__TASK INSTRUCTIONS__: Print the listing exactly as it stands. Skip every picture.

__SUPPLIED MATERIAL__:
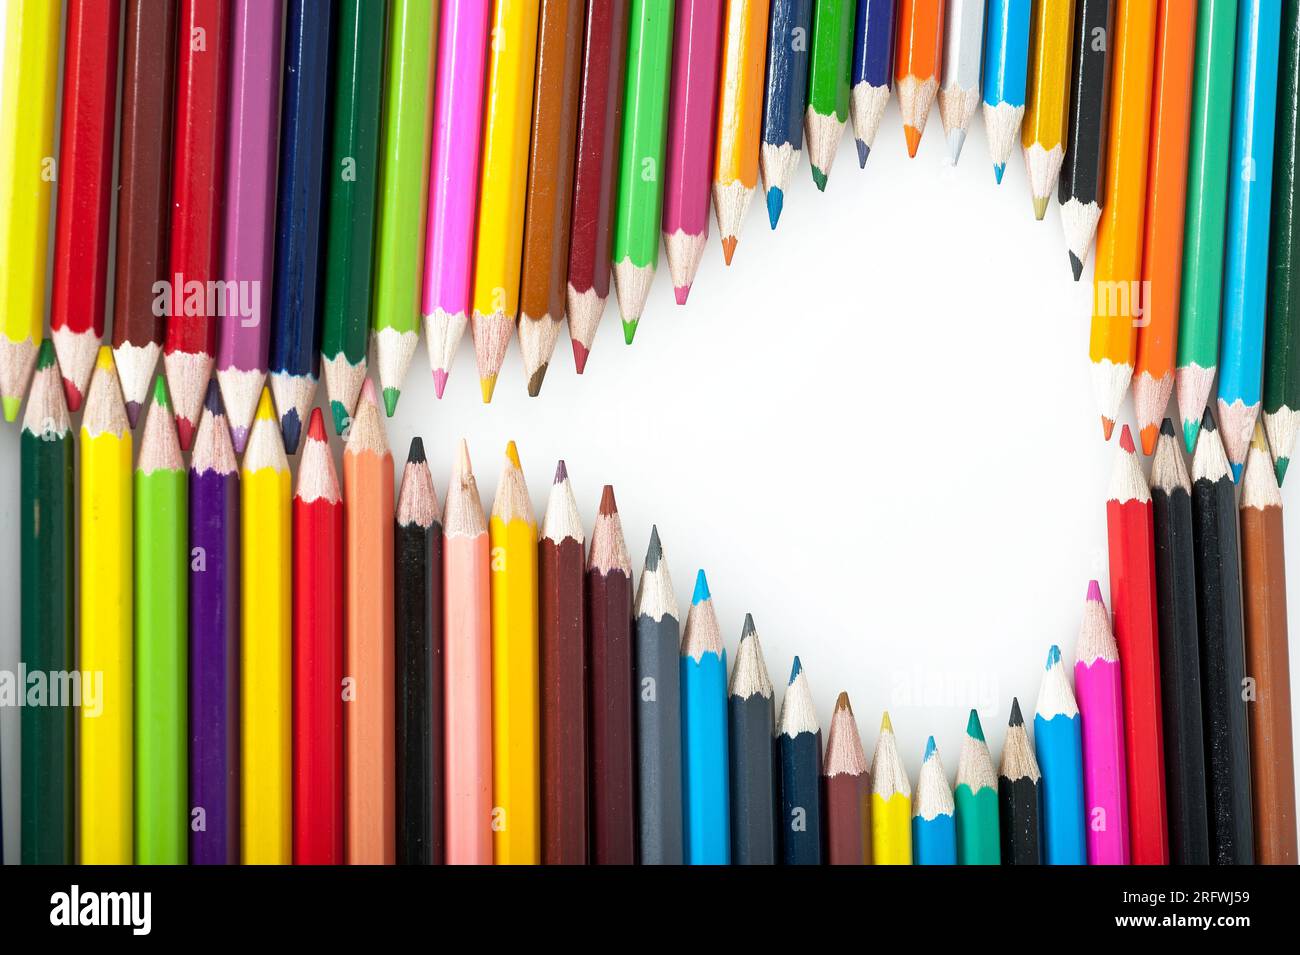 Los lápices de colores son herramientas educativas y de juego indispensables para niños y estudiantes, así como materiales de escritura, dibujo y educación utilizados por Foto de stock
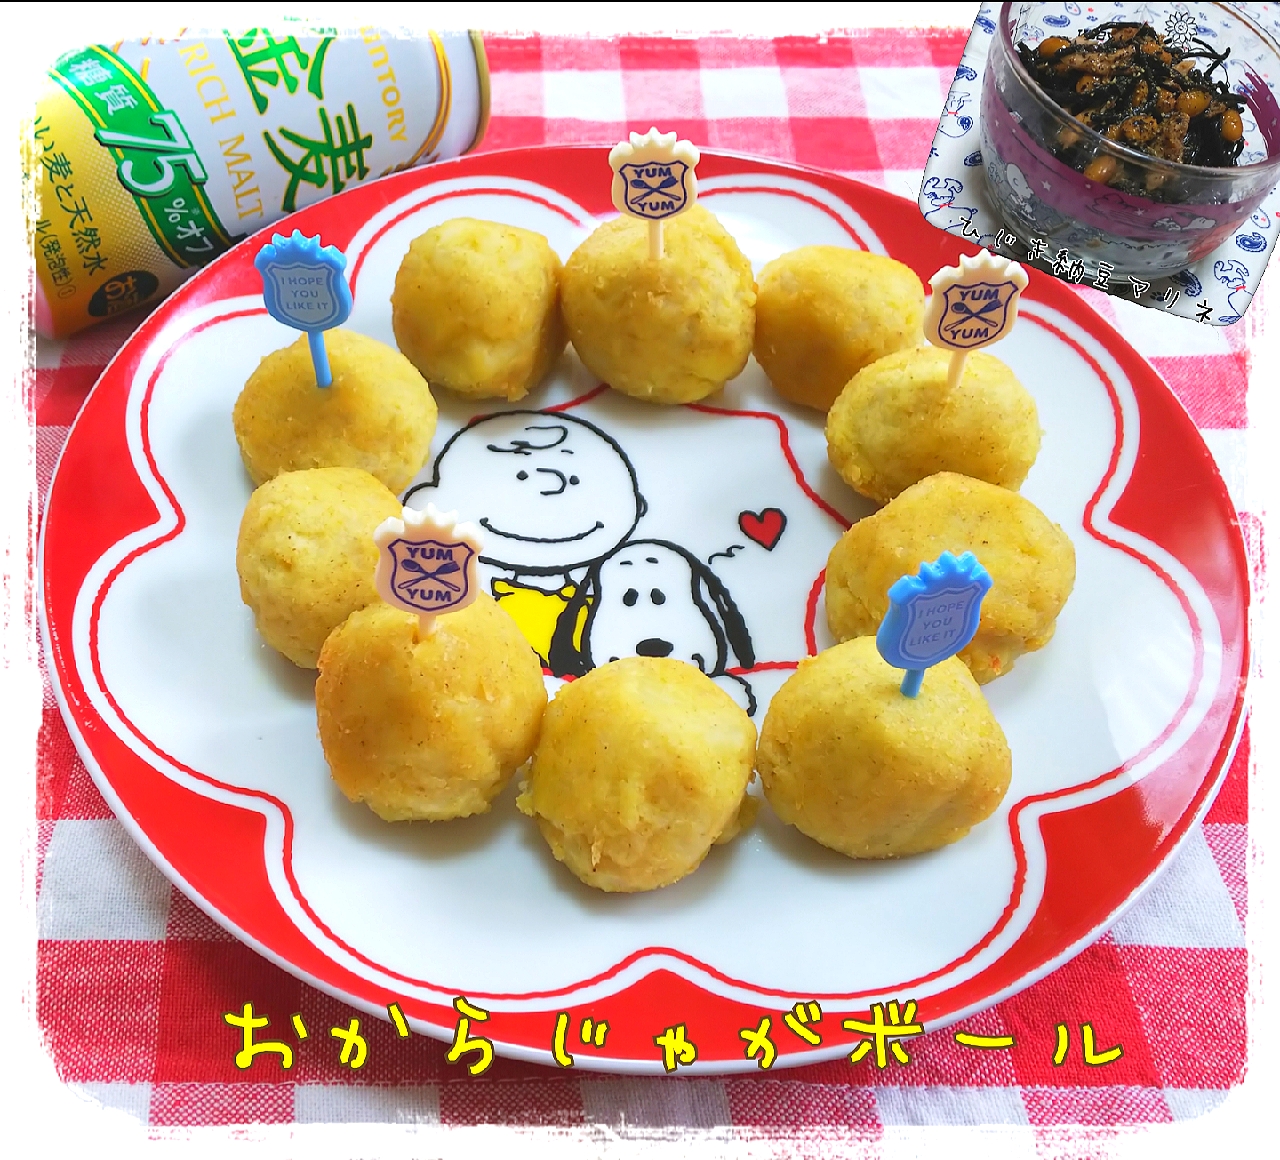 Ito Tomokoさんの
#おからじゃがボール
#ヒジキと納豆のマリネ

__SOLUTION BELOW__:
 Los lápices de colores son herramientas educativas y de juego indispensables para niños y estudiantes, así como materiales de escritura, dibujo y educación utilizados por Foto de stock
 Ito Tomokoさんの
#おからじゃがボール
#ヒジキと納豆のマリネ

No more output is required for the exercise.